Die Folgen einer Kindeswohlgefährdung sind beträchtlich. Sie können nicht nur unmittelbar nach der Tat, sondern auch zeitlich verzögert auftreten. Eindeutig lässt sich ein gefährdetes Kind anhand körperlicher Symptome erkennen. Untergewicht, Hämatome oder andere Frakturen können auf häusliche Gewalt hindeuten. Infolge der traumatischen Erlebnisse kann das betroffene Kind Ängste, Depressionen oder extreme Scham- und Schuldgefühle entwickeln.

Entscheidend ist, schon bei Verdacht eines misshandelten Kindes sofort zu handeln. Ob es sich um das eigene Kind, das vom Ex-Partner betreut wird, oder um ein Nachbarskind handelt: Das Jugendamt fungiert bei einem entsprechenden Verdacht als erster Ansprechpartner. Zwar machen sich Privatpersonen nicht strafbar, wenn sie nicht sofort etwas unternehmen. Dennoch gilt: Lieber einmal zu oft, als gar nicht anrufen. Solch ein Anruf kann auch anonym erfolgen.
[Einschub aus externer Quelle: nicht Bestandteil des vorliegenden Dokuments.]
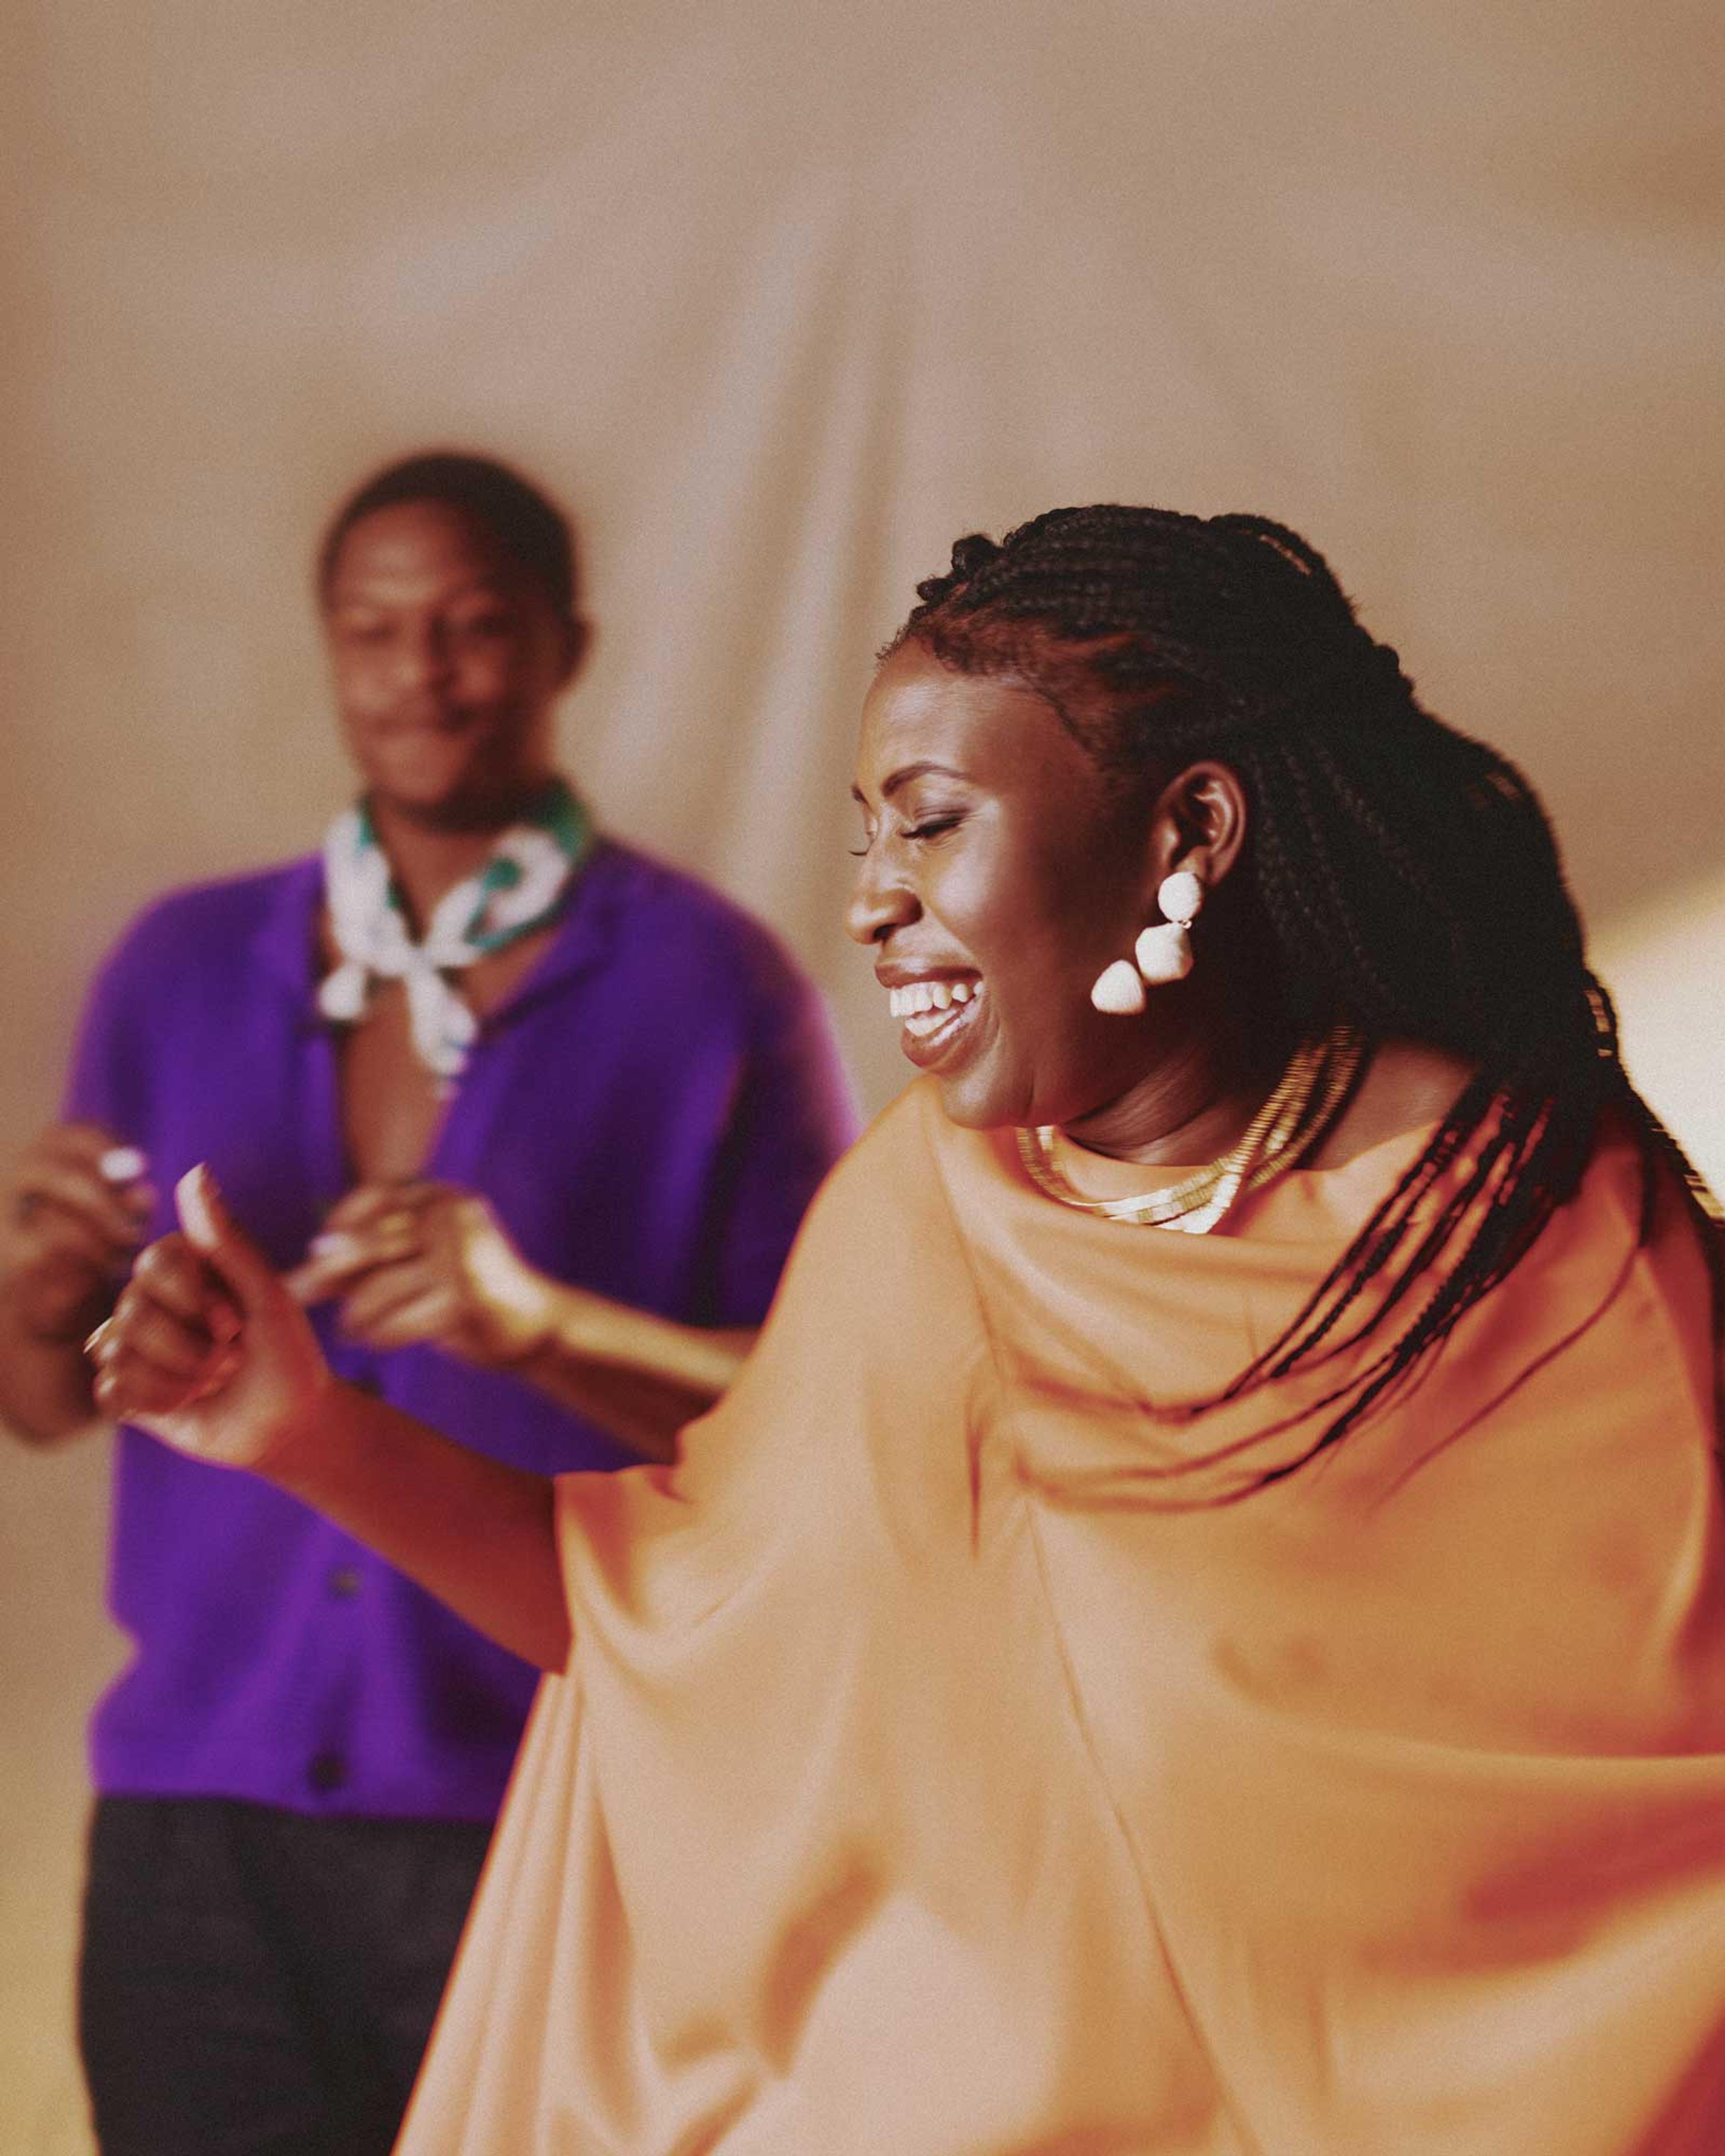 Co-Founders Joy Ekuta and Quinnton Harris dancing during a photo shoot.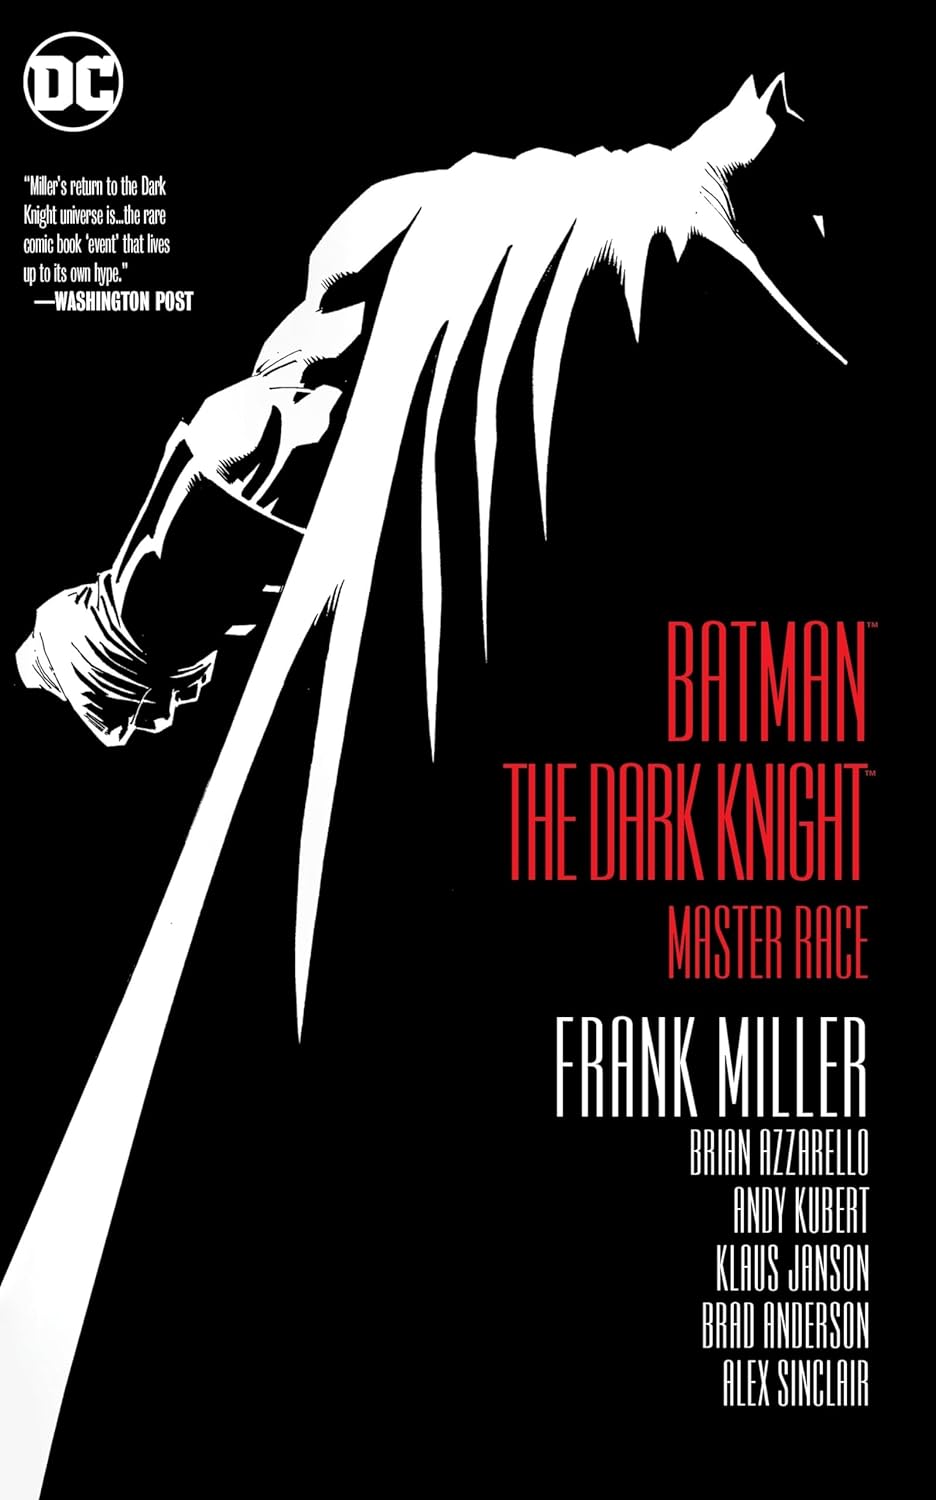 Batman: The Dark Knight III - The Master Race/Frank Miller, Brian Azzarello, and Andy Kubert

Nachfolgend ist das Jugendamt verpflichtet, gemeldeten Fällen nachzugehen und Kontakt zur Familie aufzunehmen. Falls die eigene Familie oder der Ex-Partner verdächtigt wird, sollte schnell anwaltliche Unterstützung angefordert werden. Auf Basis ihrer Erfahrung helfen die kompetenten Anwälte Betroffenen durch die schwierige Situation. Auch geben die Anwälte wichtige Ratschläge an die Hand, wie sich das Kind bei einem unbegründeten Verdachtsfall bestmöglich schützen lässt.

mann veraergert

Nachbarschaftsstreit lösen

Ein anderer Fall tritt ein, sobald sich ein Paar mit Anfeindungen von außen konfrontiert sieht. Die häufigste Form dieser Art ist der Nachbarschaftsstreit, der nicht selten bis vor Gericht führt. Dabei lässt sich oftmals bei gegenseitigem Verständnis eine friedvolle Lösung finden. Zunächst hilft es, sich über die Rechte und Pflichten der Nachbarn zu informieren. Liegt ein Verstoß vor, gilt es, im persönlichen Gespräch freundlich und ruhig darauf aufmerksam zu machen. Kommt keine Einigung zustande, kann sich ein Paar im akuten Notfall zunächst an das Ordnungsamt oder die Polizei wenden. Erst wenn alle diese Möglichkeiten keinen Erfolg bringen, sollte eine gerichtliche Lösung angestrebt werden. Hier kann es helfen, vorab stichhaltige Beweise zu sammeln und Verstöße akribisch zu dokumentieren.